Distração

Por Carlos Vogt

No Dicionário de Filosofia, de Nicola Abbagnano (Martins Fontes, São Paulo, 1998), no verbete dedicado à distração (p. 291) lê-se, como é próprio de sua organização, as formas da palavra no latim distractie, no inglês distraction, no francês distraction, no alemão Zerstreutheit e no italiano distrazione.

Passando aos significados anota: “ 1) condição em que a atenção é distanciada das ideias ou das ocupações dominantes e voltada para outras coisas”.

Cita, em seguida, Kant que em Antropologia de um ponto de vista pragmático (Iluminuras, São Paulo, 2006, original de 1798) observa, segundo Abbagnano, que “é fraqueza, mais do que força de espírito, não poder separar-se de alguma coisa a que se deu grande atenção durante muito tempo: fraqueza que, se habitual e voltada para o mesmo objeto, pode degenerar em loucura. Portanto a distração, como divertimento do espírito, é condição de saúde mental. Por outro lado, a distração constante confere ao homem a aparência de sonhador e o torna inútil à sociedade.

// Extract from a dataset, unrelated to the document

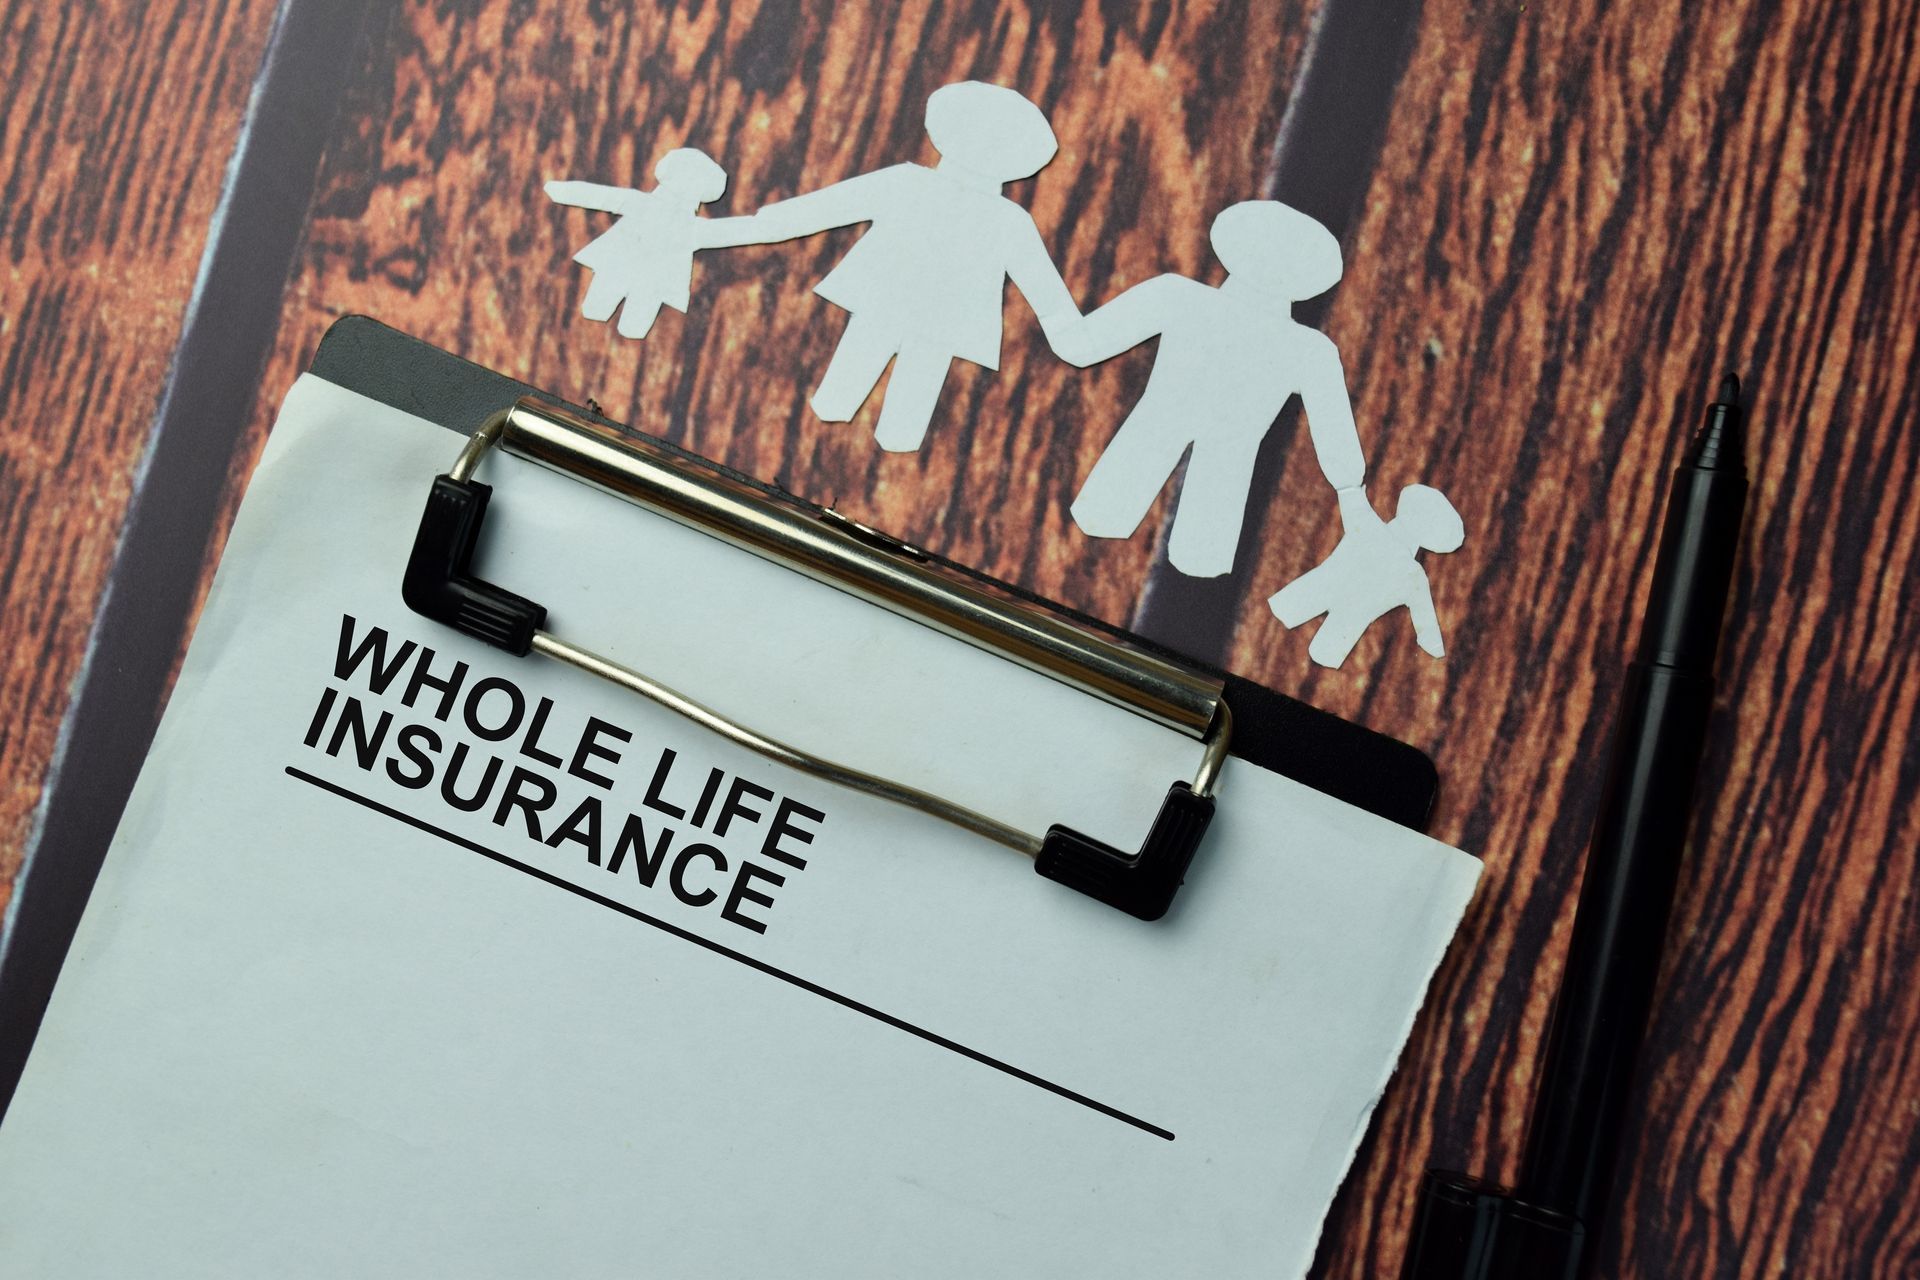 A clipboard with a whole life insurance form on it.

Nesse sentido a palavra equivale a divertimento. 2. O contrário da atenção: atividade seletiva malograda ou deficiente em relação aos objetos de um campo.”

Desse modo e considerando essas duas acepções gerais, o campo semântico da palavra distração é grande e uma simples olhada num dicionário da internet permite listar mais de cinquenta associações e comutações possíveis.

Assim:

abstração abstraimento alheação alheamento bobeada descuido desatenção esquecimento lapso vacilada desleixo divertimento indiferença passatempo abandono bochinche cochilo desaplicação descaso deseuramento desleixação desleixamento desleixo desmazelo displicência inadvertência incúria indigência negligência omissão preguiça relaxação relaxamento relaxidão brincadeira brinco desenfadamento desenfado diversão entretém entretenimento entretimento recreação recreio refocilamento  solaz  espetáculo  jocosidade  patuscada  apatia  ataraxia  desinteresse frieza  impassibilidade  insensibilidade  desprezo  jogo  lazer.

Olhando mais de perto essas palavras, vê-se que, na verdade, elas se distribuem por dois campos semânticos que se aproximam e se distanciam pelos sinais trocados: em um, o das palavras que se agrupam em torno da acepção de “divertimento”, ele é positivo; no outro, nas palavras agrupadas em torno da marca da “desatenção”, o sinal é negativo, e pode, por extensão, conotar até mesmo “desprezo” e “estigma”.

O que será que quis, além de enunciar e anunciar um oportunismo inoportuno e desapiedado, dizer o ministro quando propôs em reunião do primeiro escalão do governo que este aproveitasse a distração das instituições e da sociedade, focadas na questão terrível da pandemia da covid-19, para passar o atropelo de leis e reformas – a boiada – contrárias ao bom-senso e aos princípios básicos da responsabilidade ética e social?

Certamente, não foi no sentido de “divertimento” que a distração foi mencionada, embora ele próprio parecesse se divertir com a proposta fora de propósito.